Work required:
Find the line with "Prenájom domu 185" in the records below. Output exactly from there until after the line with "Zitrus-Buttermilchkuchen", without pictures.

Input data:
- Opening Delimiter -
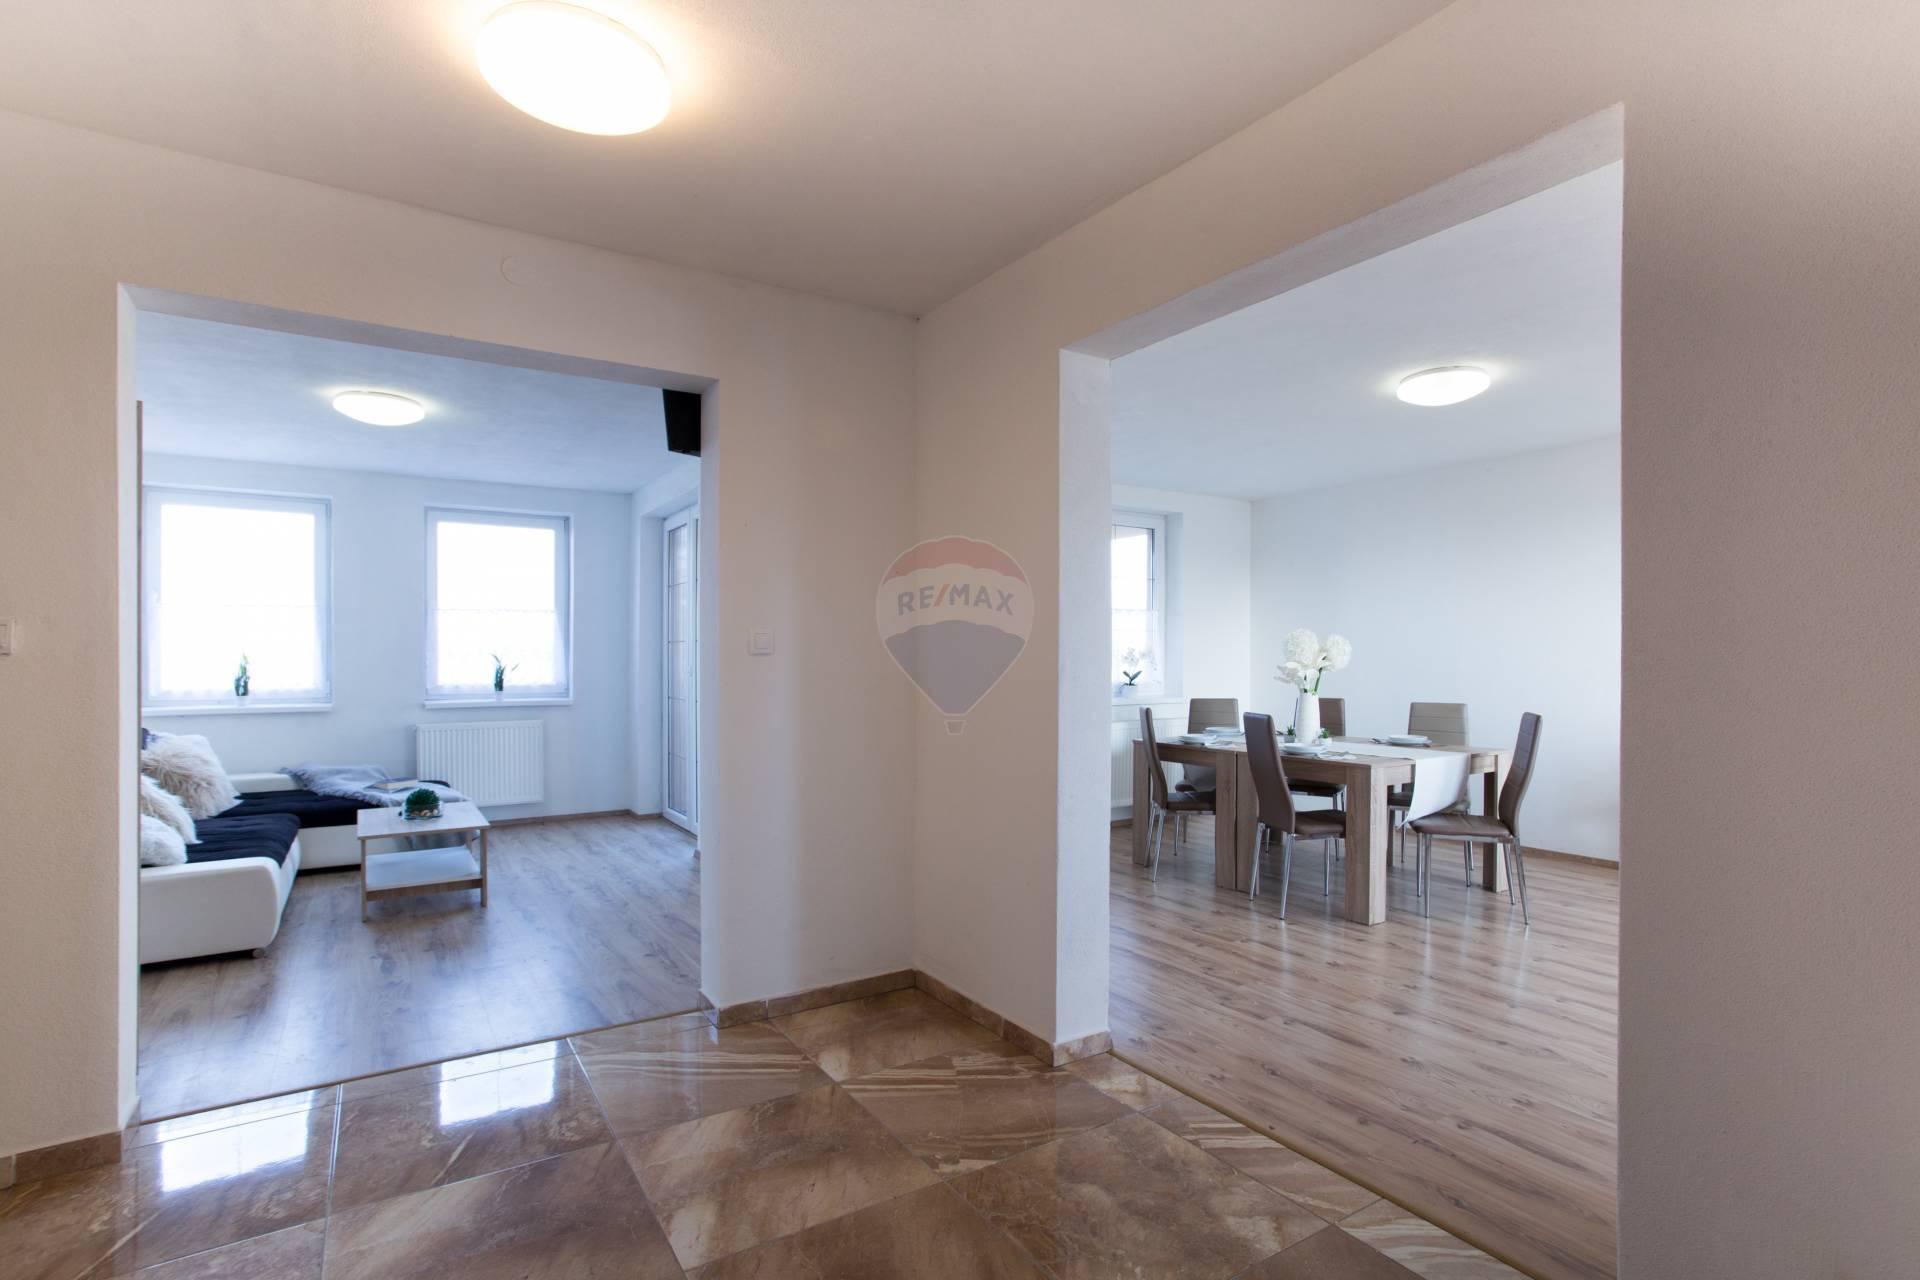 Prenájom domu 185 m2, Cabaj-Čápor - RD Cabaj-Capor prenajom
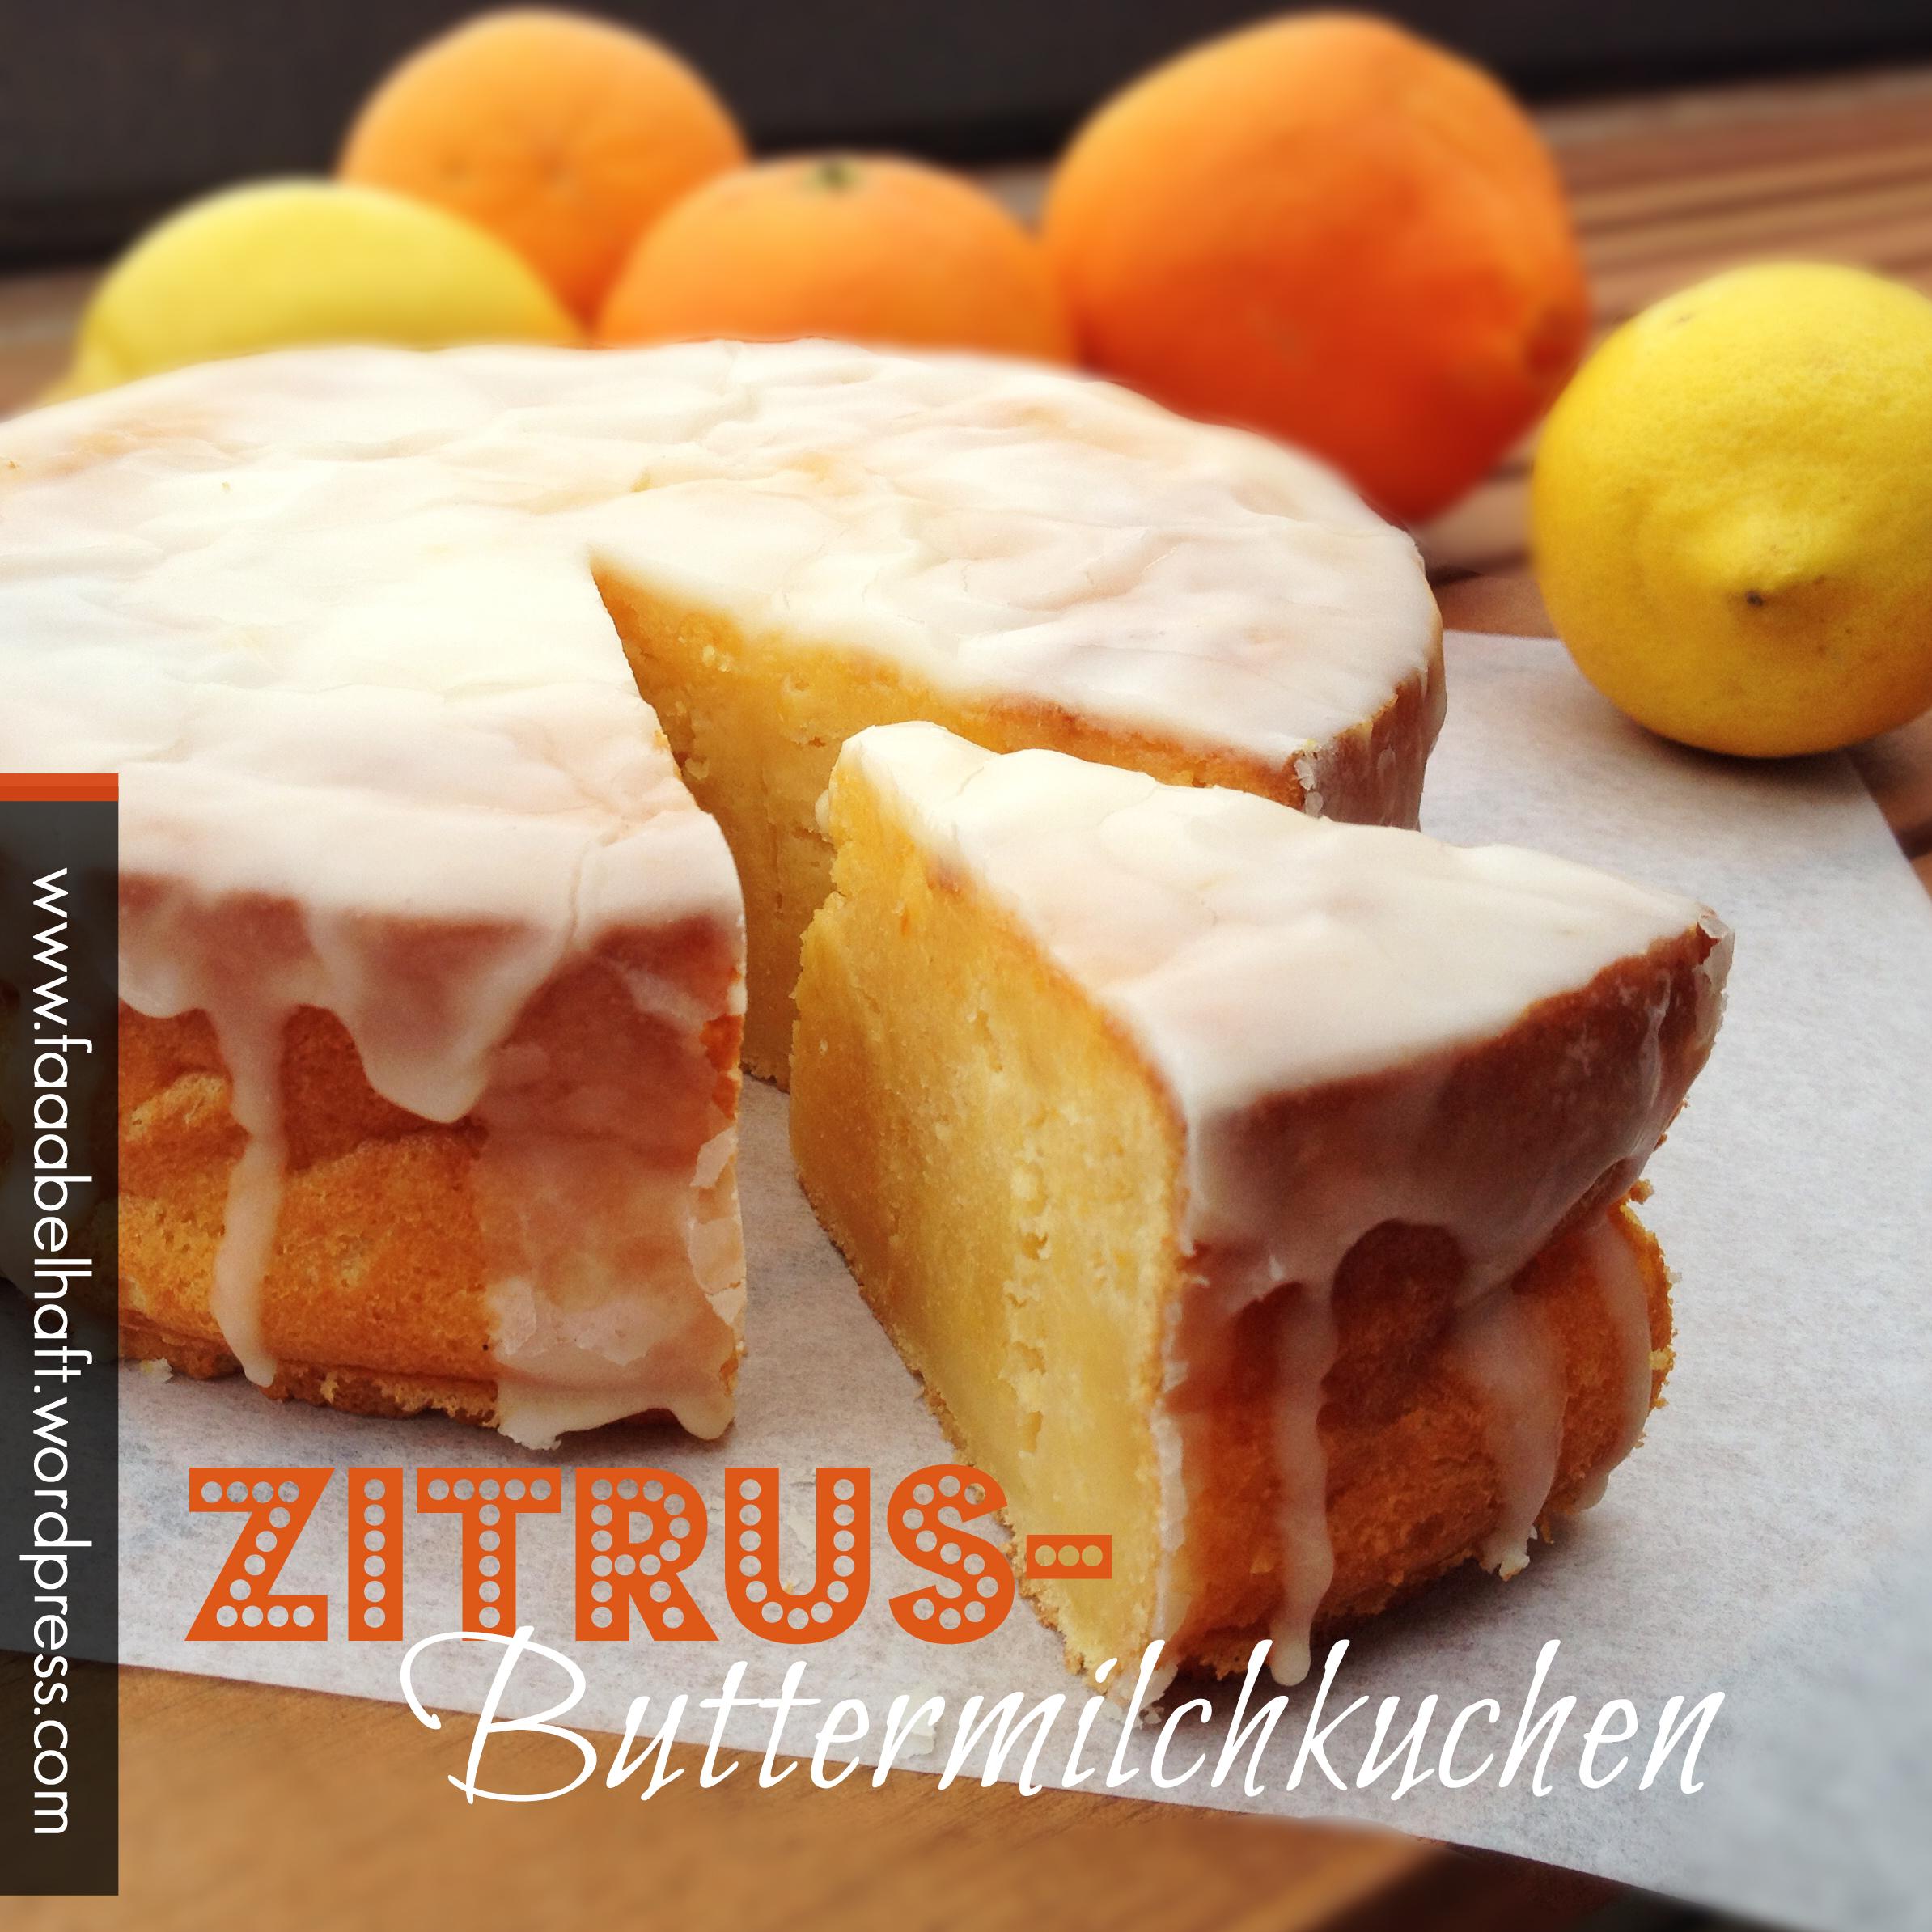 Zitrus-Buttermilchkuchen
- Closing Delimiter -
- Opening Delimiter -
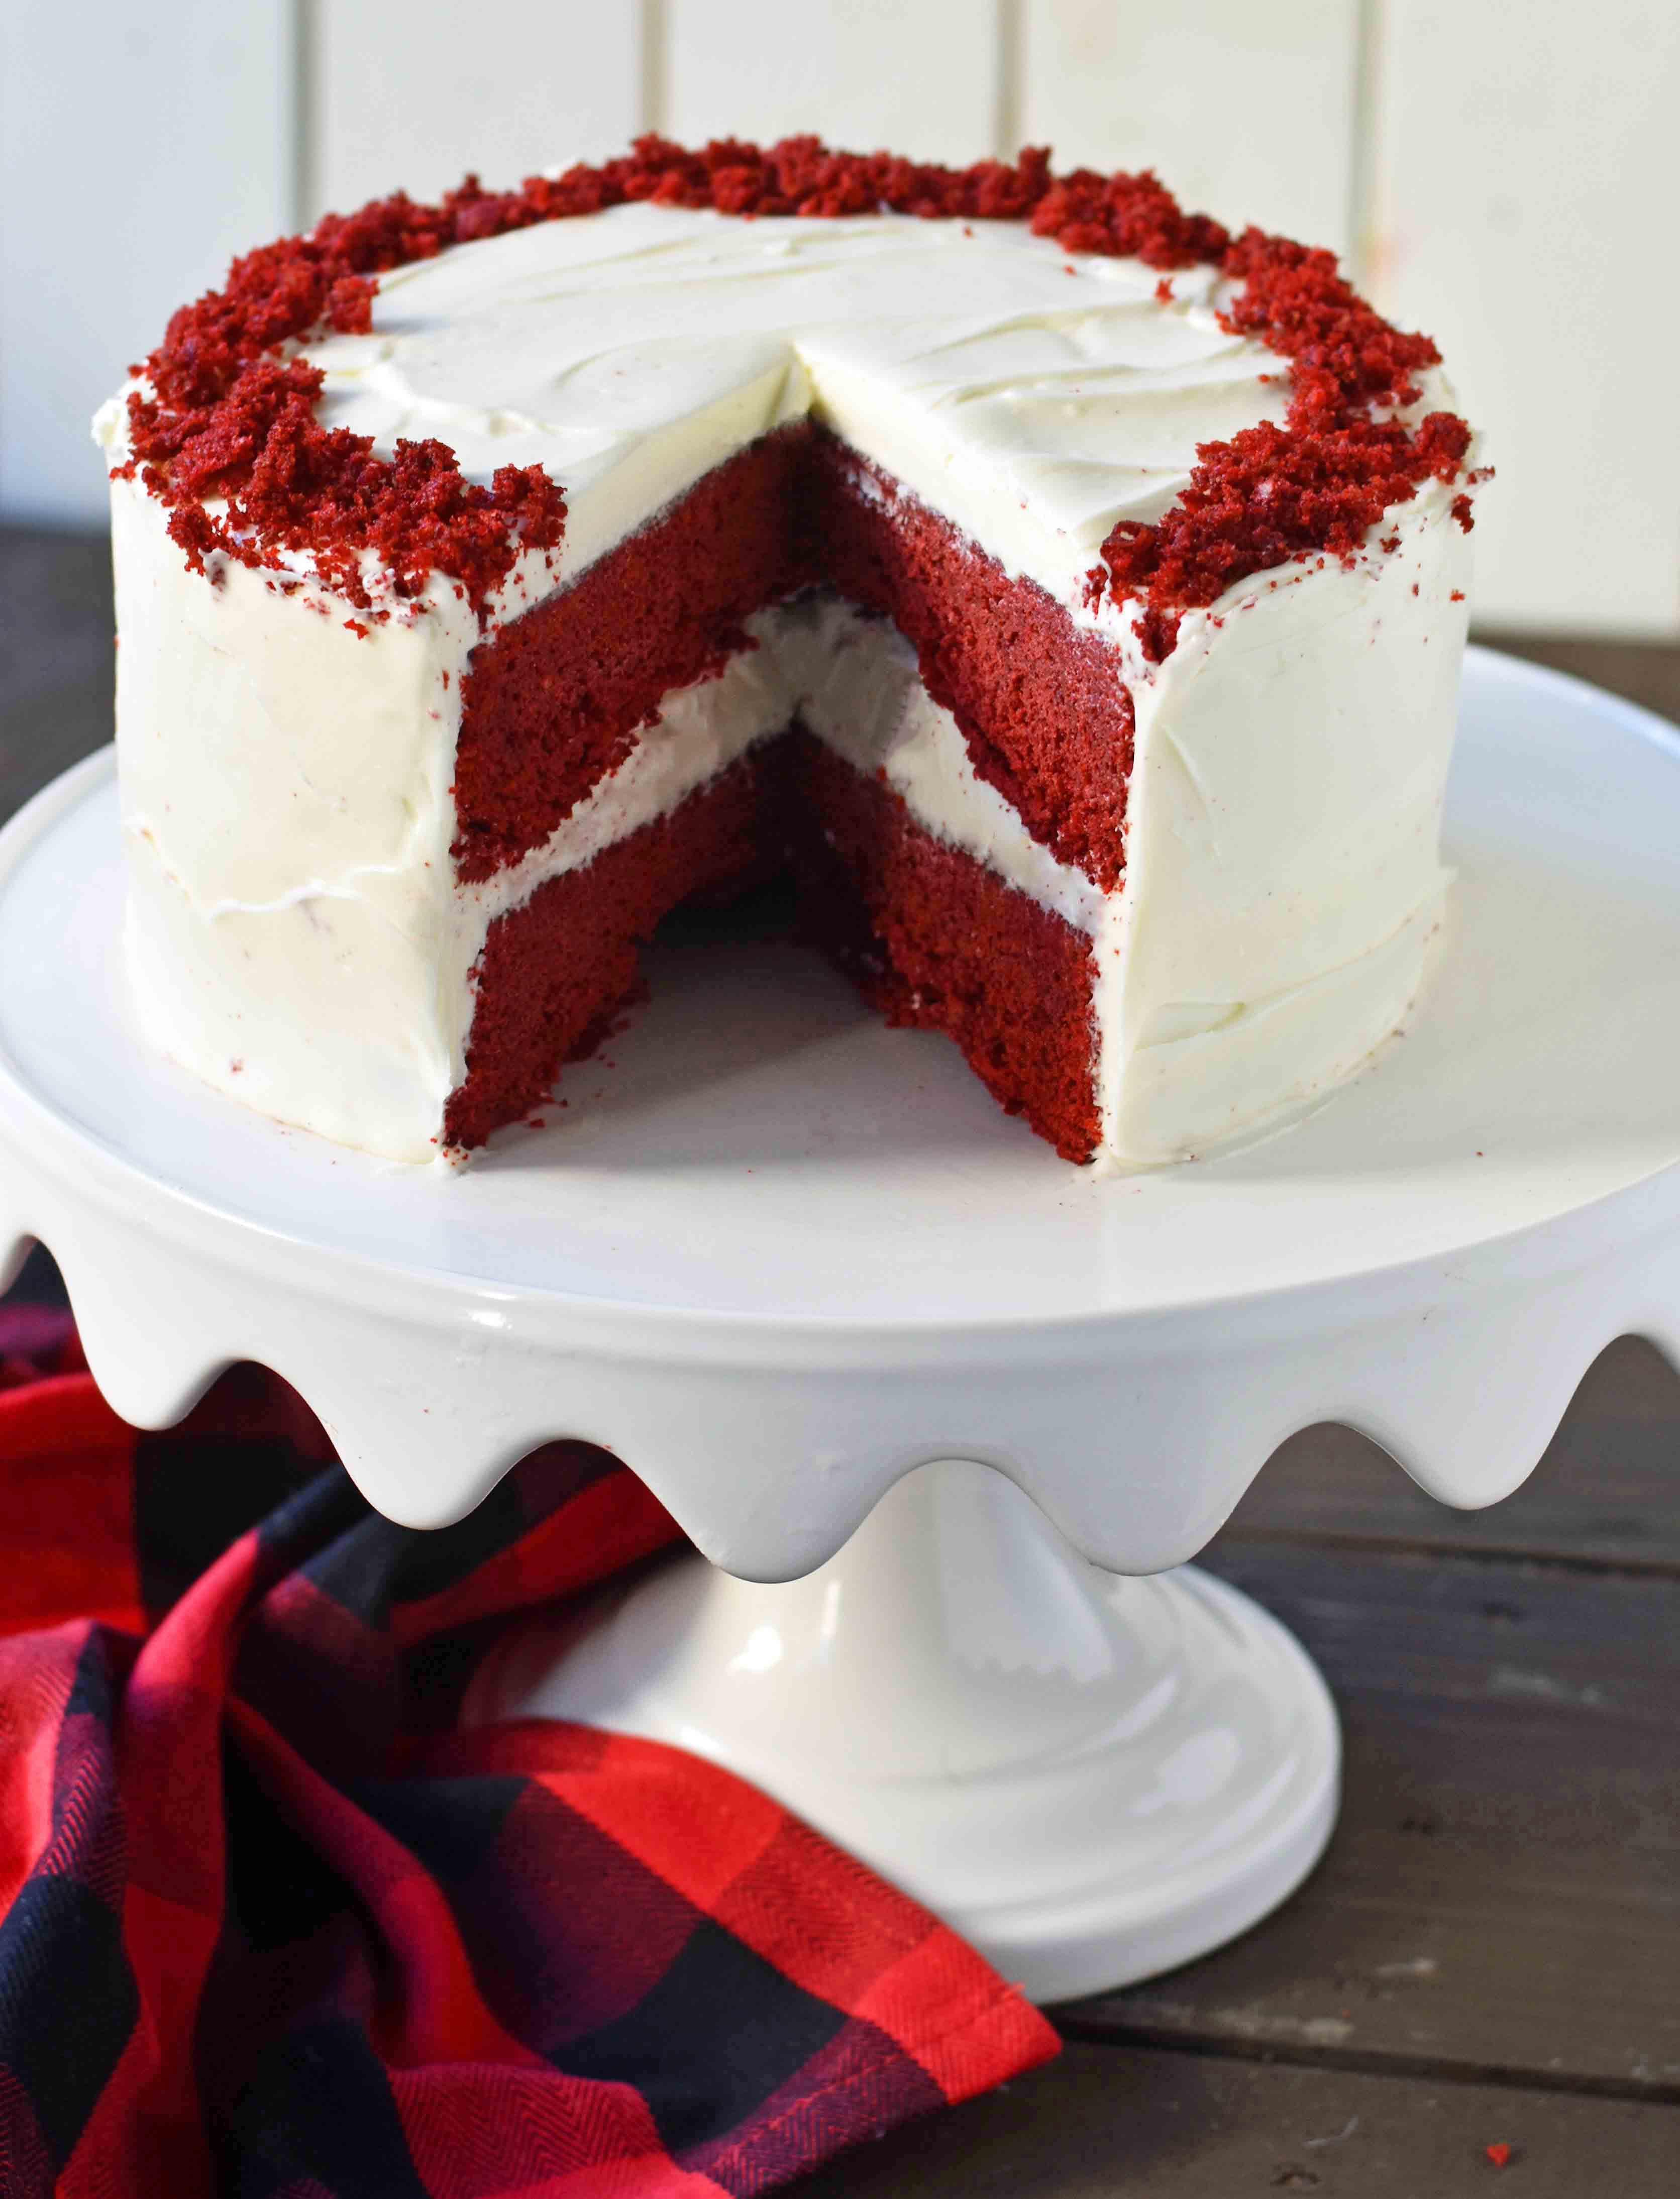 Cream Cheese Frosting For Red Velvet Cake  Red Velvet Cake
- Closing Delimiter -
Solution:
 Prenájom domu 185 m2, Cabaj-Čápor - RD Cabaj-Capor prenajom
 Zitrus-Buttermilchkuchen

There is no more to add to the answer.